I’ve been to many, MANY, church services. Funerals, weddings, Sunday mornings with shrieking evangelicals, Saturday evening masses with dutiful Catholics, hours of standing with the chanting Orthodox, standing up, kneeling down, holding hands, eating wafers and sips of wine and being blessed, singing and crying and testifying. I’ve spoken in tongues (whatever that means) and played guitar and raised my hands. I’ve even washed people’s feet and watched people get dunked free of guilt in a jacuzzi. But I had never seen a church service like this.

A neon banner of lavender and blue lights hung down from one side of the vaulted nave, its asymmetrical, random-like placement in a Gothic-style cathedral startling and new. A priest with a glow stick hanging like a cross over his vestments. A person on stilts in white robes and a feather crown.
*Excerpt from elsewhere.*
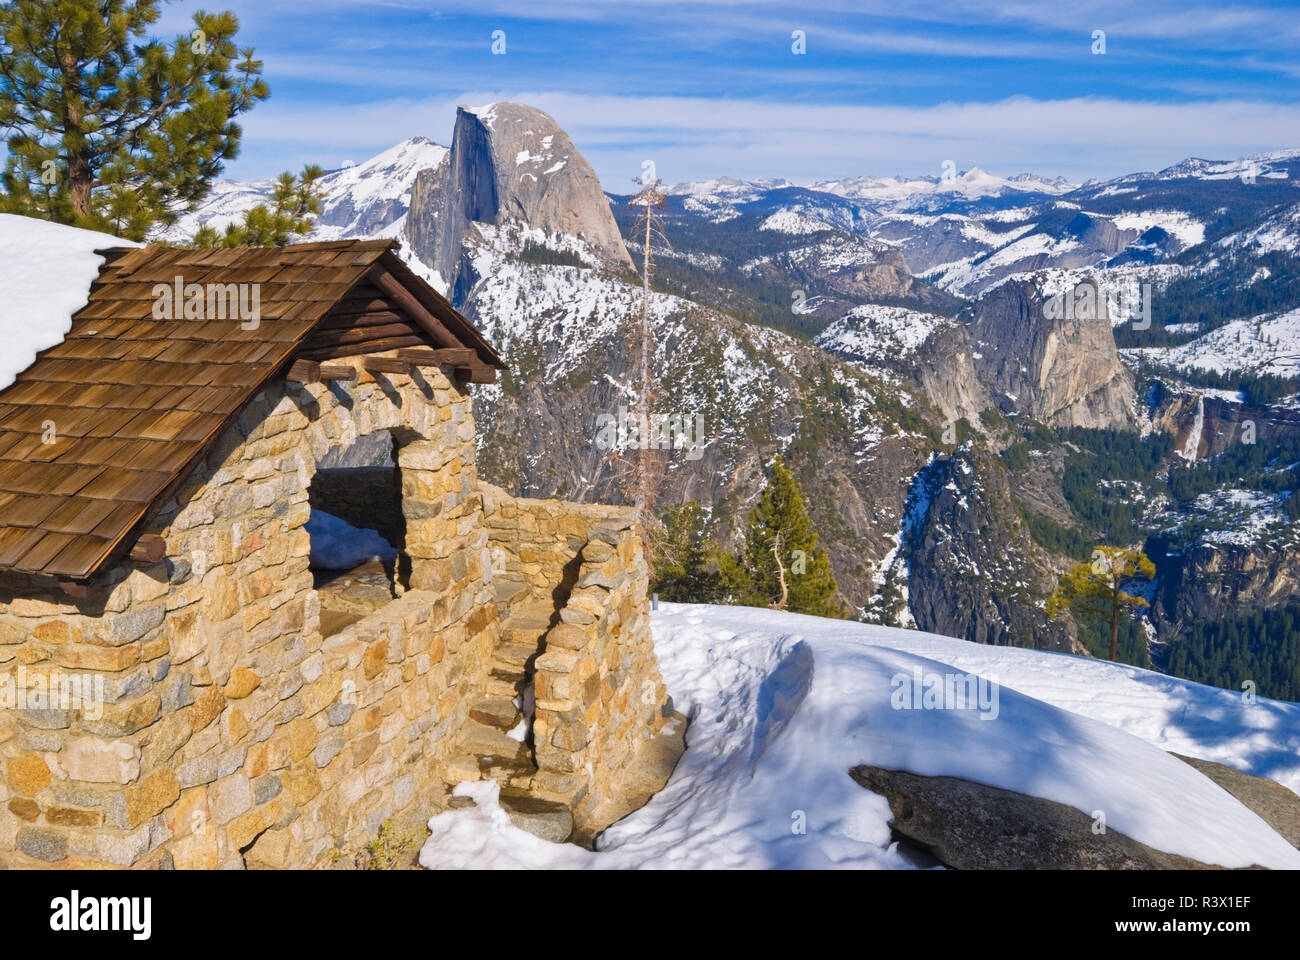 The Glacier Point hut and Half Dome, Yosemite National Park, California, USA Stock Photo

As the service began, people clustered around the center of the main hall to watch and hear a throat singer – shells clinking from his native garb –  project his long, mournful droning song as he paced across the labyrinth pattern of the marble floor. Circling him, haunting him, was what looked like his spirit animal, a lean young man in a black gauze toga, crouching and bending and hopping noiselessly around him, like a strange dance of Adho Mukha Svanasana (downward dog) and Bakasana (crow).

Then an opera singer in the rafters above. Then a cellist and violinist played Halvorsen. Then a poet named Tom Emanuel read from the lectern, while photos of the victims were projected eerily large across the raised altar behind him.

Spirit seeks Body
Word seeks Flesh
Art seeks Home

 Not old folks home
(geriatric, gentrifying,
dead stone housing dying breath)
but Sanctuary and streams
of Living Water

I was reminded of the Temple at Burning Man, which had struck me when I visited it as the Goddess standing opposite the Man, a kind of yin-yang juxtaposition, a place where prayers and condolences are received, a safe and sacred place for sorrow and loss. I remember meeting a young person, barely 20, who told me that he was alive only because of this temple. The losses he had felt in his short life, the pain he had numbed with heroin, he was overcoming only because of what had occurred for him in this temple, constructed as a temporary installation at a pagan-like art festival, and the people who brought him to it.

Then I understood. An elegy in a grand cathedral at the top of this hill of ridiculous wealth and privilege is an act of rebellion, an act of occupation. We are still here. We belong here.

Everyone needs art. The entrepreneurs and barons keep part-time residences in cities to be near Culture. The tourists spend their hard-earned savings to travel to cities to feel Cultured. But a diversity of people of mixed incomes and flavors are what built the experience, and chief among them are the artists. The artists who make this experience possible make meaning of their lives and our lives and the world around us by making art. The making itself is a ritual of faith. Faith that meaning and beauty can be found in a world of pain and loss and injustice. A person entranced by creative energy is in a prayerful state. The practice of art-making cannot be commodified no more than a prayer can be.

Imagine a monk only being able to live as a monk if he sells his prayers. The church provides the monk with monastery and the nun with convent because what they do in those safe and contemplative spaces enriches the world around them. We don’t let them turn to ash in unsafe, unsanctioned dwellings because they spend their time praying instead of making money. We don’t shake our heads at them and tell them it was their own damn fault for choosing to live that way.

If our cities don’t provide safe and sanctioned spaces for artists, they will become soul-less, god-less places, no better than the suburbs. Artists that once fled the suburbs for cities will be pushed from cities to… where? Where will they go? This is the premise of my new documentary project. I don’t know where it will lead and what the answers are, but I look forward to speaking with many artists and arts enthusiasts around the country to find out.